Given that we have indications that at least one of the predictors is associated with GDP, and based on the fact that UnEmploymentRate, Work Polulation and Car Registration have high p-values, we can consider removing these three variables from the model and see how the model fit changes.
lm2<-lm(formula = GDP~ CPI + BondYields + NetExport, data = GDP_Dataset)
summary(lm2)
##
## Call:
## lm(formula = GDP ~ CPI + BondYields + NetExport, data = GDP_Dataset)
##
## Residuals:
## Min 1Q Median 3Q Max
## -1248.0 -599.9 -117.2 413.8 2413.4
##
## Coefficients:
## Estimate Std. Error t value Pr(>|t|)
## (Intercept) -30.9864 346.7802 -0.089 0.929
## CPI 142.1929 3.9585 35.921 < 2e-16 ***
## BondYields -276.9001 29.0424 -9.534 < 2e-16 ***
## NetExport -3.2647 0.4559 -7.161 1.73e-11 ***
## ---
## Signif. codes: 0 '***' 0.001 '**' 0.01 '*' 0.05 '.' 0.1 ' ' 1
##
## Residual standard error: 779.3 on 189 degrees of freedom
## Multiple R-squared: 0.9811, Adjusted R-squared: 0.9808
## F-statistic: 3271 on 3 and 189 DF, p-value: < 2.2e-16
The model excluding UnEmploymentRate, Work Polulation and Car Registration has in fact improved our F-Statistic from 1679 to 3271 but no substantial improvement was achieved in residual standard error and adjusted R-square value. This is possibly due to the presence of outlier points in the data.
plot(lm2, pch=16, which=1)
Note how the residuals plot of this last model shows some important points still lying far away from the middle area of the graph.

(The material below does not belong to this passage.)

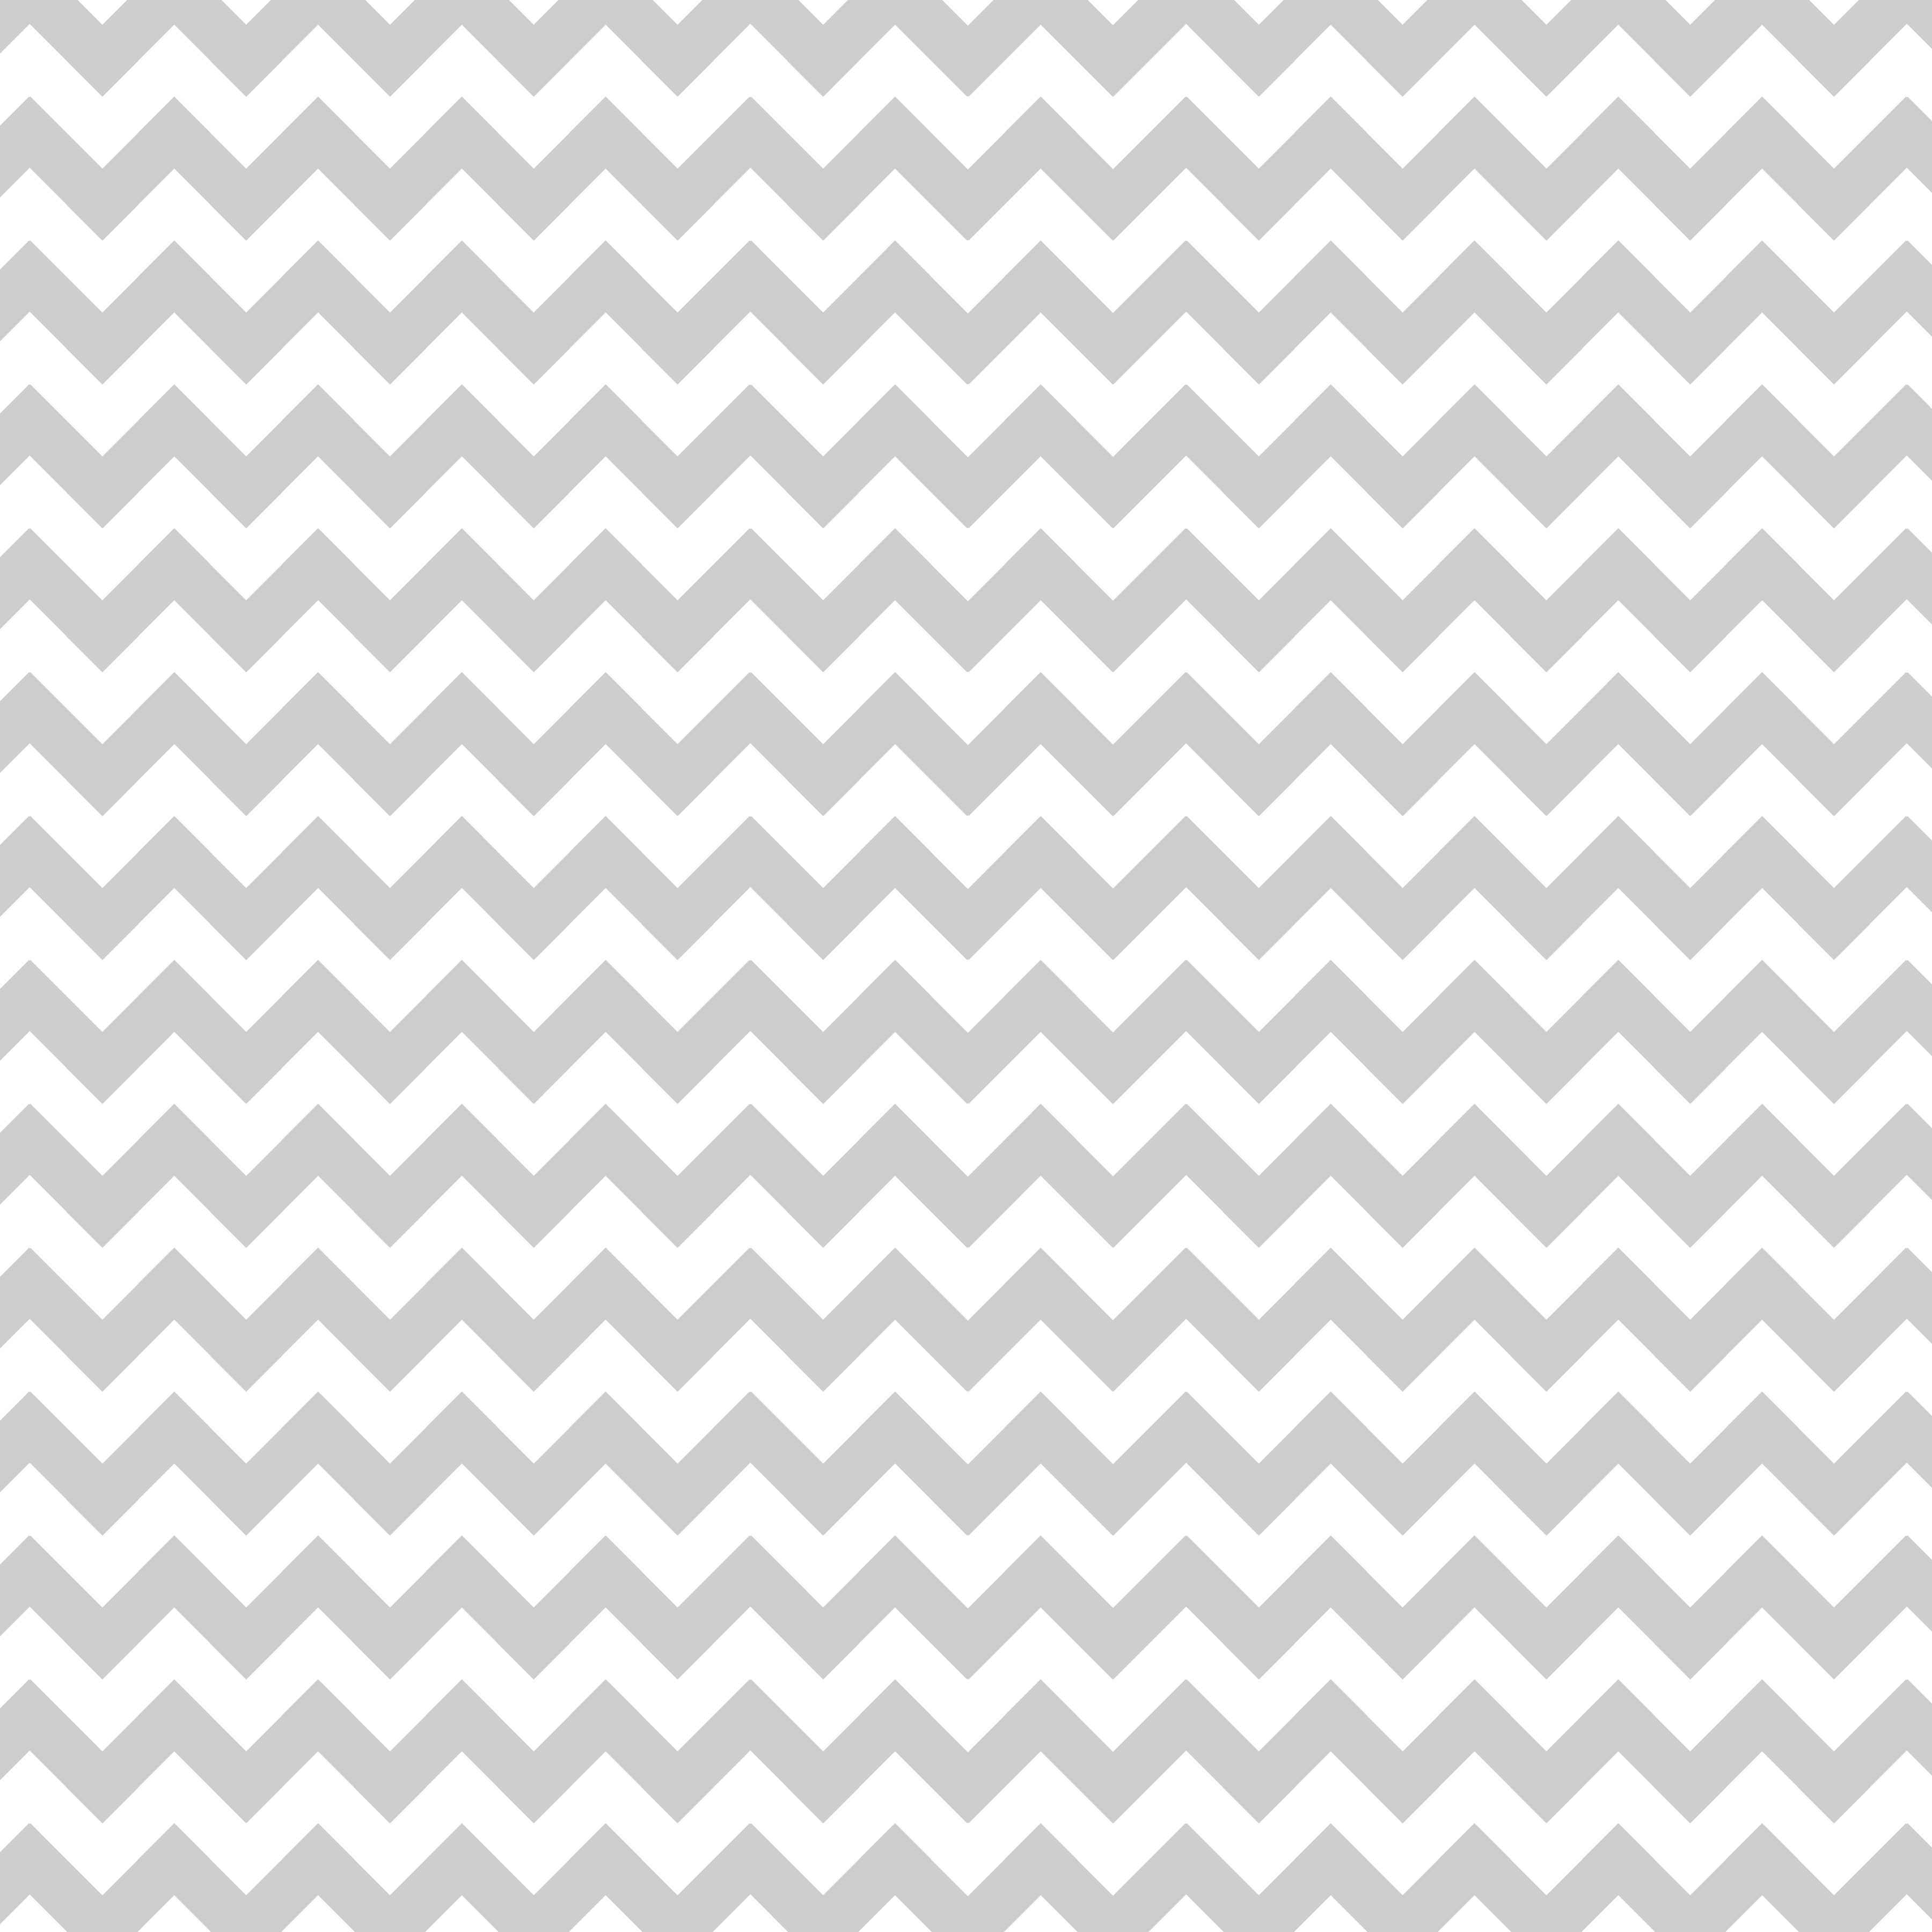 Light grey patterned clipart.

At this stage we could try a few different transformations on both the predictors and the response variable to see how this would improve the model fit. For now, let’s apply a logarithmic transformation with the log function on the GDP variable. Also, we could try to square predictors. Let’s apply these suggested transformations directly into the model function and see what happens with both the model fit and the model accuracy.
lm3 = lm(log(GDP) ~ cpi.c + I(cpi.c^2) + bondy.c + I(bondy.c^2) + export.c + I(export.c^2) , data=newGDPdata)
summary(lm3)
##
## Call:
## lm(formula = log(GDP) ~ cpi.c + I(cpi.c^2) + bondy.c + I(bondy.c^2) +
## export.c + I(export.c^2), data = newGDPdata)
##
## Residuals:
## Min 1Q Median 3Q Max
## -0.162833 -0.019783 -0.003236 0.021791 0.127302
##
## Coefficients:
## Estimate Std. Error t value Pr(>|t|)
## (Intercept) 8.898e+00 8.161e-03 1090.268 < 2e-16 ***
## cpi.c 2.811e-02 4.550e-04 61.790 < 2e-16 ***
## I(cpi.c^2) -1.475e-04 9.385e-06 -15.722 < 2e-16 ***
## bondy.c 1.568e-02 4.575e-03 3.427 0.000752 ***
## I(bondy.c^2) -1.925e-03 5.813e-04 -3.312 0.001114 **
## export.c -2.311e-04 4.615e-05 -5.007 1.28e-06 ***
## I(export.c^2) -3.686e-07 1.020e-07 -3.614 0.000387 ***
## ---
## Signif. codes: 0 '***' 0.001 '**' 0.01 '*' 0.05 '.' 0.1 ' ' 1
##
## Residual standard error: 0.0456 on 186 degrees of freedom
## Multiple R-squared: 0.9972, Adjusted R-squared: 0.9971
## F-statistic: 1.116e+04 on 6 and 186 DF, p-value: < 2.2e-16
# Plot model residuals.
plot(lm3, pch=16, which=1)
By transforming all predictors and the target variable, we achieve an improved model fit. Note how the adjusted R-square has jumped to 0.9971. And all predictors’ p-values are significant. And F-Statistic value is improved to 11160.
In summary, we’ve seen a few different multiple linear regression models applied to the GDP dataset. We tried an linear approach. We created a correlation matrix to understand how each variable was correlated. Subsequently, we transformed the variables to see the effect in the model.
CPI, Bond Yields adn NetExport are significantly associated with GDP.
Improving one percentage point of NetExport lead to a average GDP decline by $-37.31.
Improving one percentage point of bond yields lead to a $262.3 decline in average GDP.
Improving one percentage point of CPI lead to a $172.7 increase in average GDP.